Yãy hã mĩy and the Colonization of Childhood

Human Behavior Map: from DNA to Body-Territory

Every child is born learning from the world.

Before explaining, the child observes.
Before arguing, the child imitates.
Before choosing, the child participates.

Childhood is the first great laboratory of life.

The Maxakali concept Yãy hã mĩy can be extended here as:

imitating-being in order to transcend-being.

A child imitates to form body, language, attention, gesture, affection, courage, fear, rhythm, belonging, and imagination. Later, with safety, bonds, and territory, the child begins to create a unique way of existing.

So the deepest question is not only:

What does the child learn?

The deeper question is:

Who is teaching the child how to be?

Childhood as Body-Territory in Formation

A child does not grow only inside a house.

A child grows inside a living field of influences: family, school, neighborhood, screens, music, food, sleep, play, teachers, nature, religion, social media, consumption, advertising, violence, care, and absence.

All of this enters the body.

All of this shapes attention, language, empathy, memory, emotional regulation, and the capacity to live with others.

The Human Behavior Map sees childhood as Body-Territory in formation.

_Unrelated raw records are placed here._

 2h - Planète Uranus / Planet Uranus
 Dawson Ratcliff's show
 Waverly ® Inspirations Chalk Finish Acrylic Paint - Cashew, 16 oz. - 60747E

The Colonization of Childhood

The colonization of childhood happens when living models of learning are weakened and replaced by systems of capture.

A child needs presence, faces, human voice, body movement, free play, nature, available adults, other children, and time without constant selling, performance, or attention capture.

Today, many childhood territories are occupied by algorithms, consumption, screens, advertising, fear, social comparison, and adult polarization.

Technology itself can serve development.

The key issue is proportion and mediation.

When screens replace the living body, Yãy hã mĩy changes teachers.

The child imitates less from people and territory, and more from digital flows designed to capture attention.

Algorithms as New Colonizers of Imitation

An algorithm does not need to love a child to teach something.

It only needs to capture time, predict behavior, and maintain engagement.

That is why childhood has become a strategic territory.

Markets dispute attention.
Politics disputes emotion.
Advertising disputes desire.
Polarization disputes fear.
Platforms dispute habit.

Meanwhile, the child’s body is trying to form language, empathy, focus, sleep, movement, and belonging.

Decolonial Neuroscience asks:

What kind of “being” is the child being taught to imitate?

A consumer being?
An anxious being?
A comparative being?
A being dependent on approval?
A polarized being?
Or a being capable of playing, thinking, creating, cooperating, and belonging?

Play as Cognitive Sovereignty

Play is one of the most sophisticated forms of childhood research.

Through play, children test roles, regulate emotions, imitate gestures, create rules, negotiate conflicts, measure strength, experiment with language, and discover possibilities.

Play is a full-body laboratory.

When children play with other children, they train Jiwasa: they learn that the “I” needs the “we” to build a world.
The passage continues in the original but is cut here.